- _RECORDS FOR THE EXERCISE_:
:::

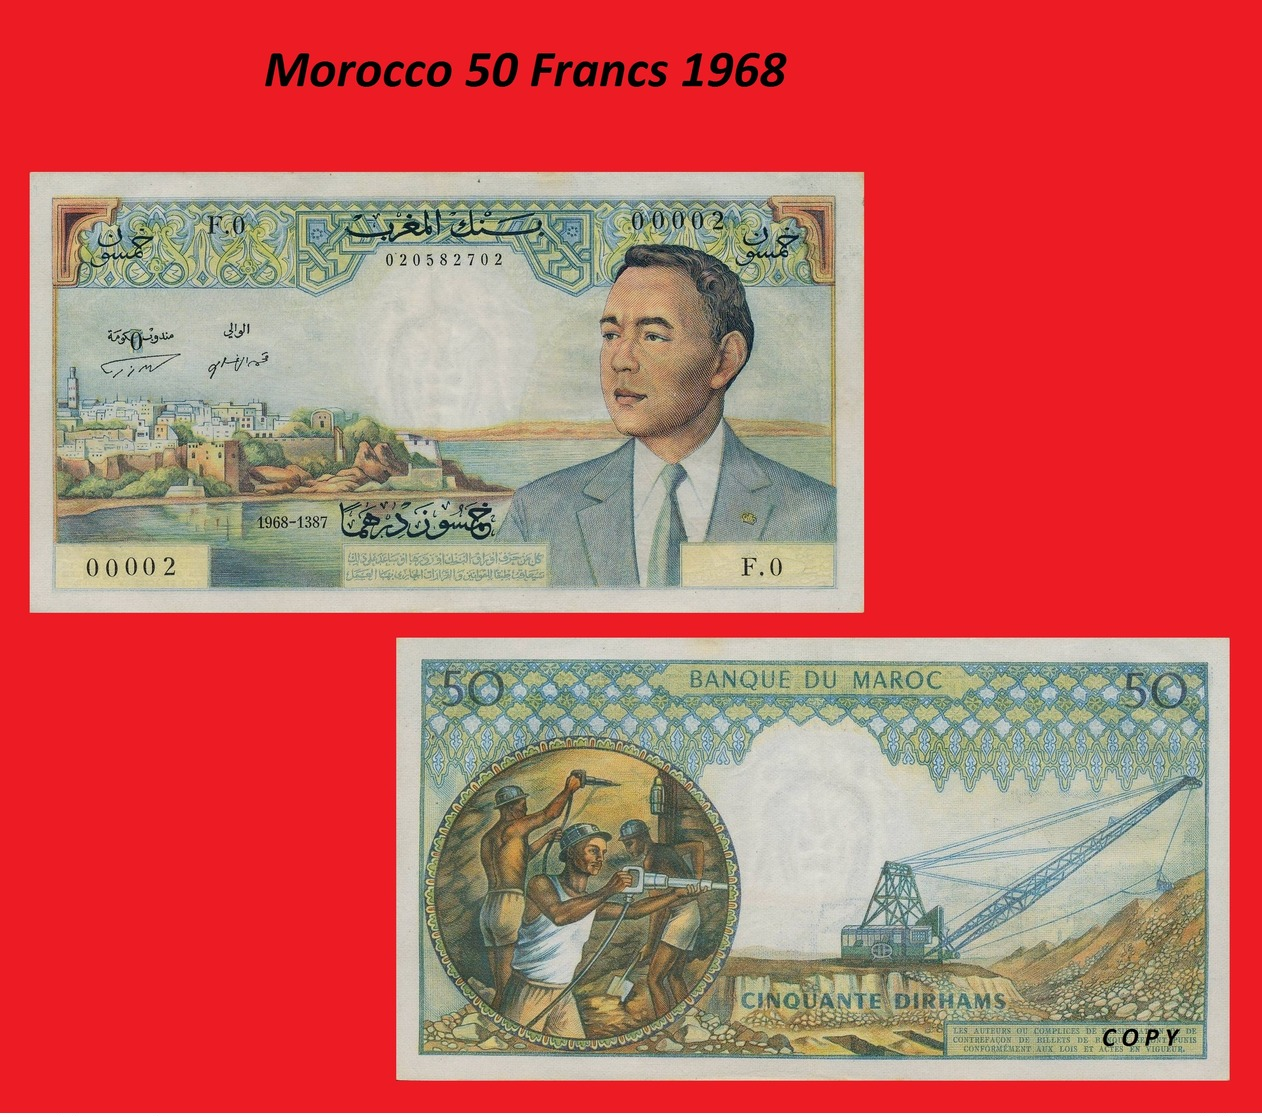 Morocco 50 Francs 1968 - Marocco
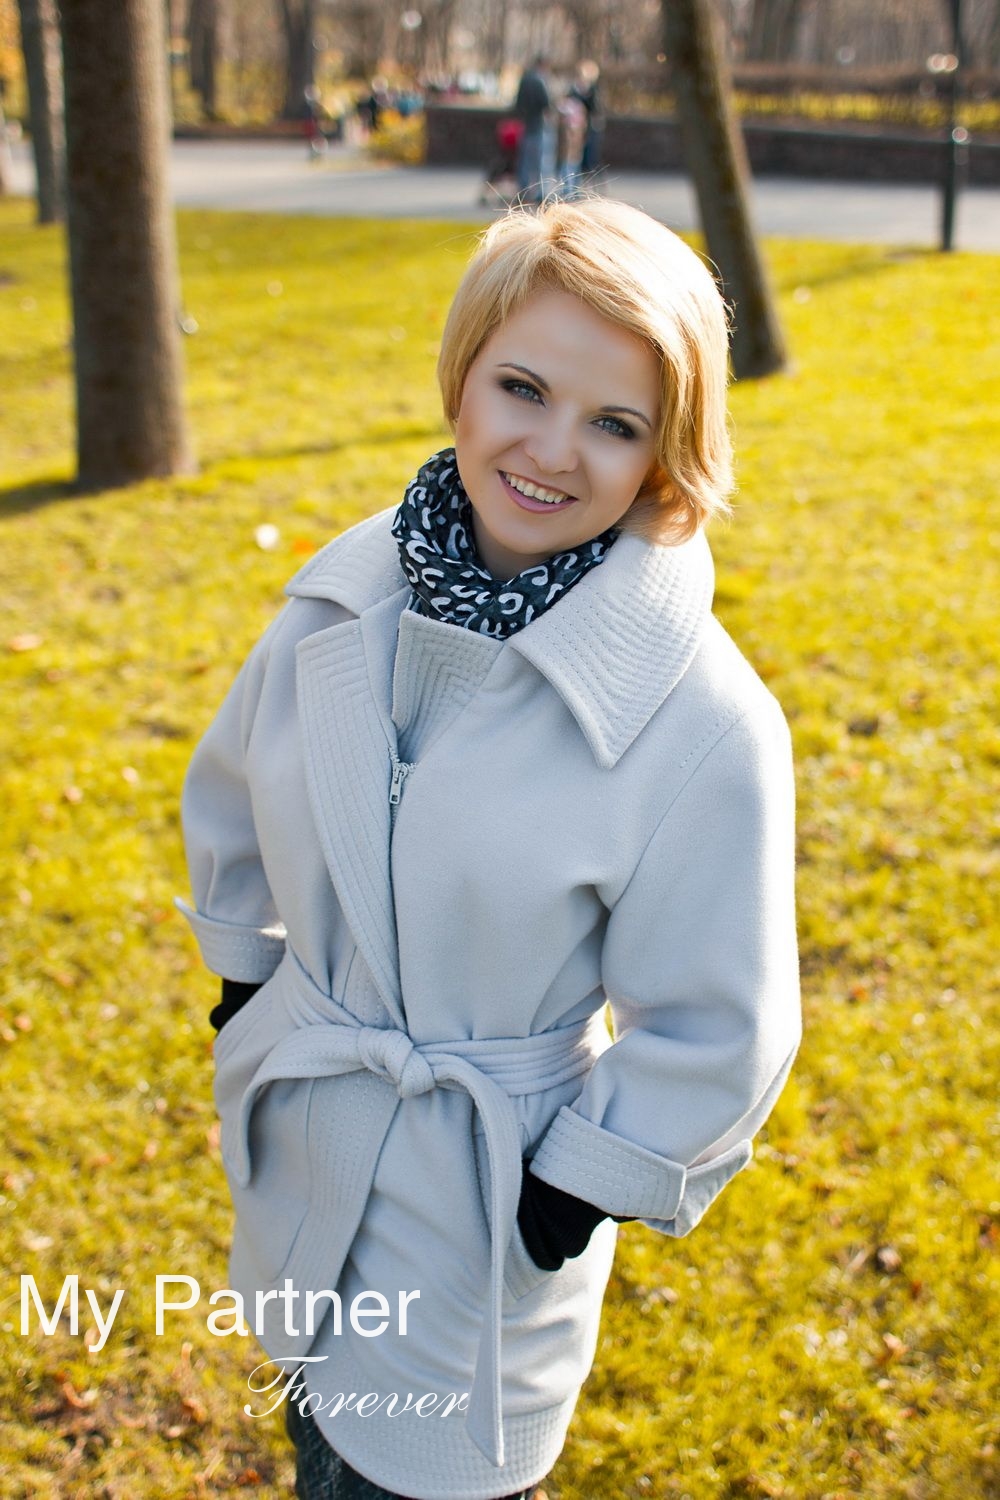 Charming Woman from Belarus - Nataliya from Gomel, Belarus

:::

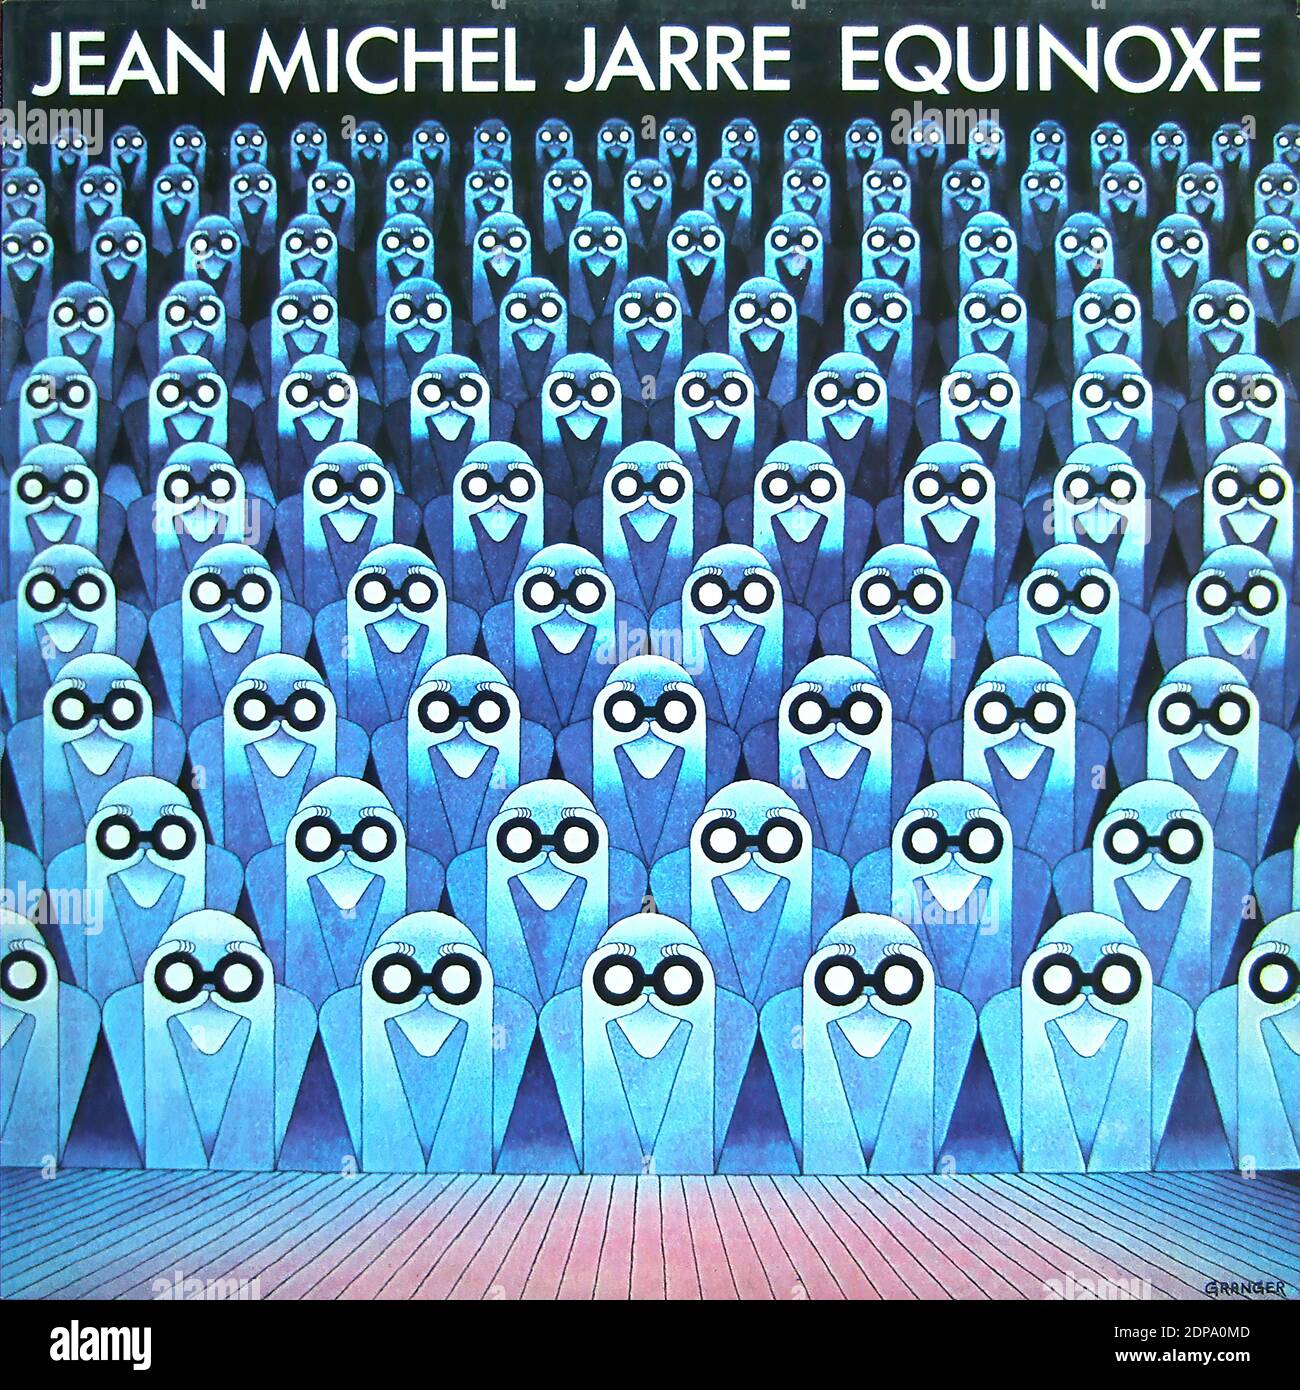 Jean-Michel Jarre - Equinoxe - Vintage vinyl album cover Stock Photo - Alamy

:::

- _TASK DESCRIPTION_: Set down, exactly as written above, each line from the one with "Morocco 50 Francs 1968 - Marocco" through the one with "Charming Woman from", and skip the pictures.

- _TASK SOLUTION_:
 Morocco 50 Francs 1968 - Marocco
 Charming Woman from Belarus - Nataliya from Gomel, Belarus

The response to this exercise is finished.